BEGIN EXERCISE MATERIALS

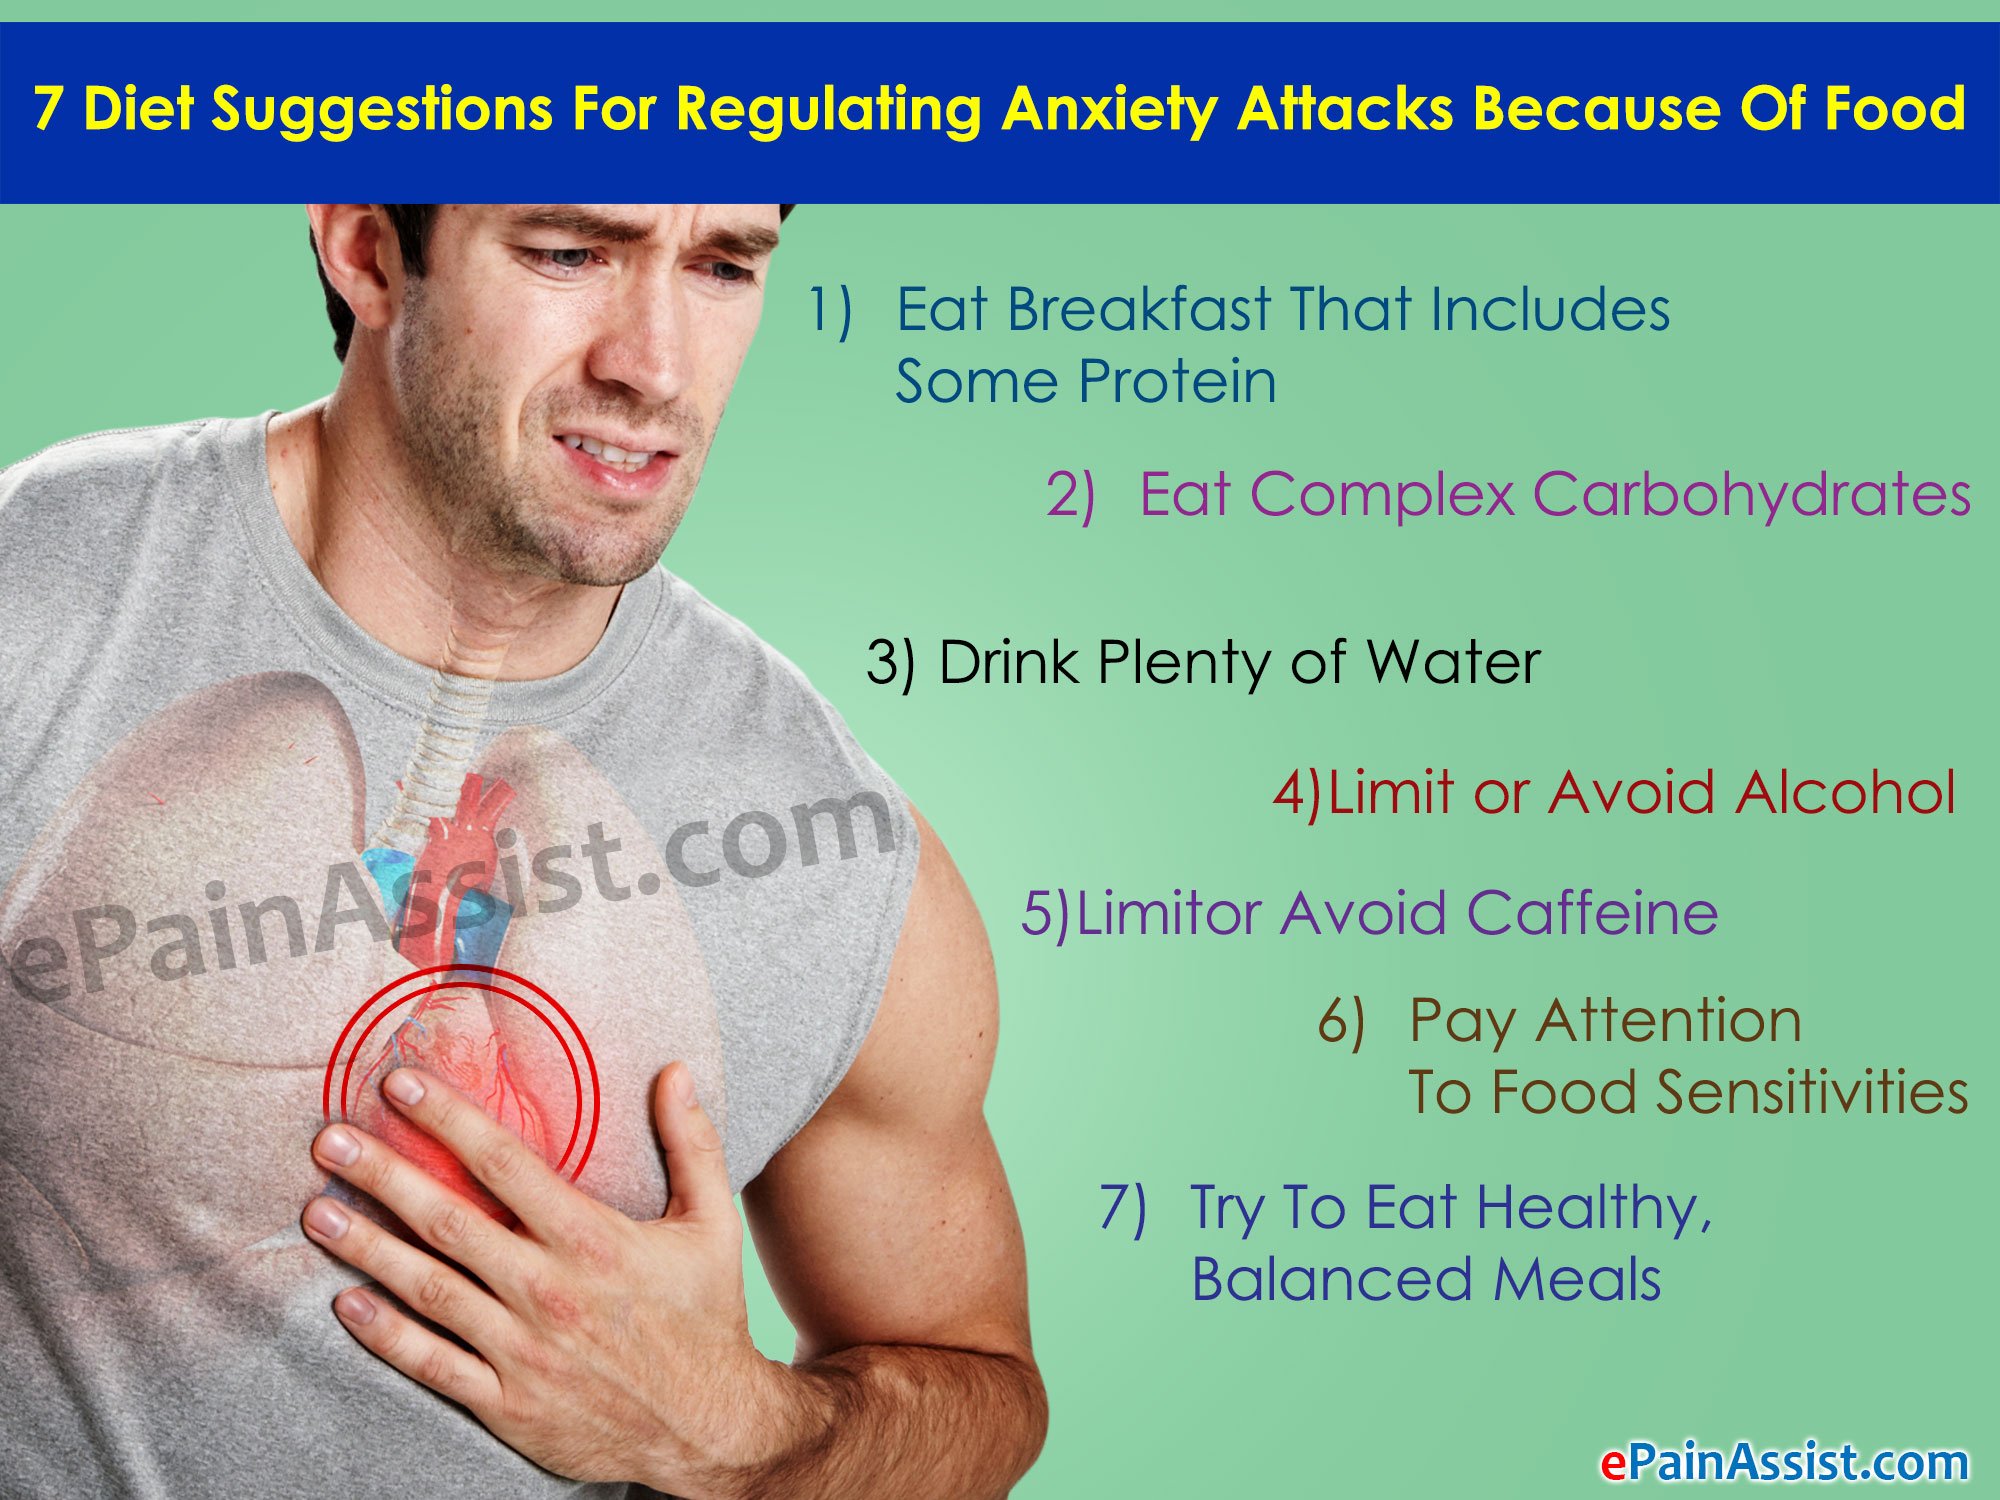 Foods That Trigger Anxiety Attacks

END EXERCISE MATERIALS
BEGIN EXERCISE MATERIALS

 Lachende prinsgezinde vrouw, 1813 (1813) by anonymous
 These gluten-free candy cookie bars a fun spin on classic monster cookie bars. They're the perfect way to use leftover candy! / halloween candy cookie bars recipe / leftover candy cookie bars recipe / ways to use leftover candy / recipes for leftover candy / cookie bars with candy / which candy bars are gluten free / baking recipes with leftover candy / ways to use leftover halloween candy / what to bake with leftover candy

END EXERCISE MATERIALS

REQUIREMENT> Please give back exactly the lines of this listing beginning at the line with "Lachende prinsgezinde vrouw, 1813" and ending with the line with "These gluten-free candy", both included, and nothing else.

SOLUTION FOR THIS PROBLEM>
 Lachende prinsgezinde vrouw, 1813 (1813) by anonymous
 These gluten-free candy cookie bars a fun spin on classic monster cookie bars. They're the perfect way to use leftover candy! / halloween candy cookie bars recipe / leftover candy cookie bars recipe / ways to use leftover candy / recipes for leftover candy / cookie bars with candy / which candy bars are gluten free / baking recipes with leftover candy / ways to use leftover halloween candy / what to bake with leftover candy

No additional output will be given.